What this task involves: Below is a listing. Set down exactly the lines from the one containing "Fearful Girl in Bubble on Busy Street" through the one containing "Nicole Poturalski desabafou", both ends included, and leave out the rest.

The records:
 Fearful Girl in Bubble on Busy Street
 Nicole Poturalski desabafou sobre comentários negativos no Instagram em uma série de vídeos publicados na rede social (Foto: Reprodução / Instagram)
...
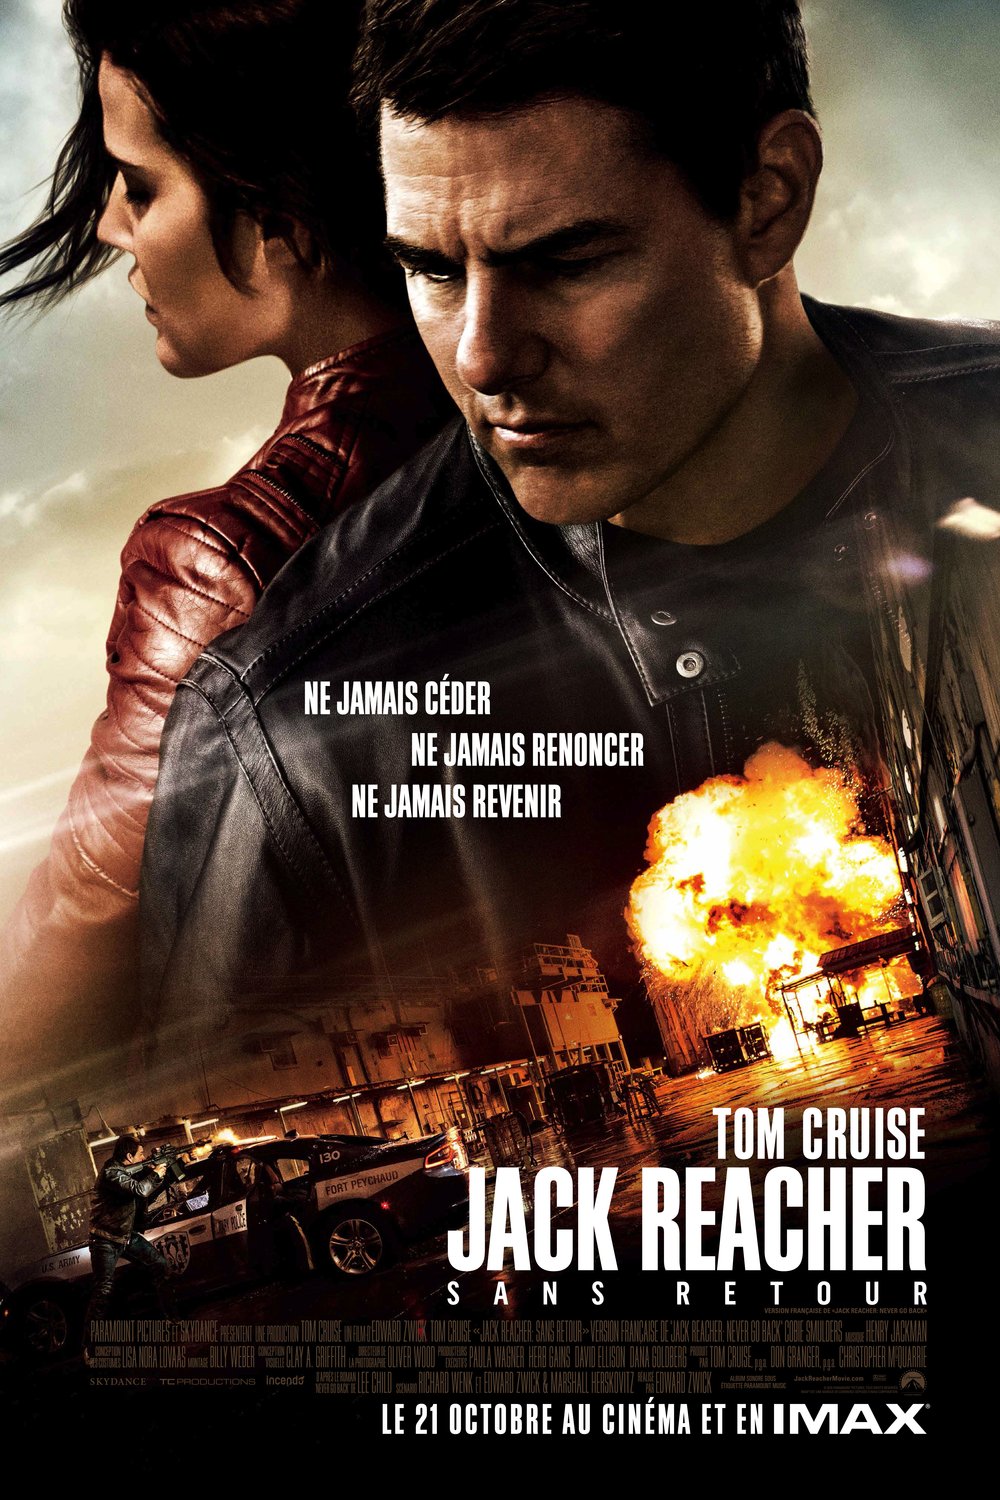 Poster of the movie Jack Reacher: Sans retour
* * *
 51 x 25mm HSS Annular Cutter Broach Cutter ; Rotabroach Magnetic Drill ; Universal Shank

Solution to this exercise:
 Fearful Girl in Bubble on Busy Street
 Nicole Poturalski desabafou sobre comentários negativos no Instagram em uma série de vídeos publicados na rede social (Foto: Reprodução / Instagram)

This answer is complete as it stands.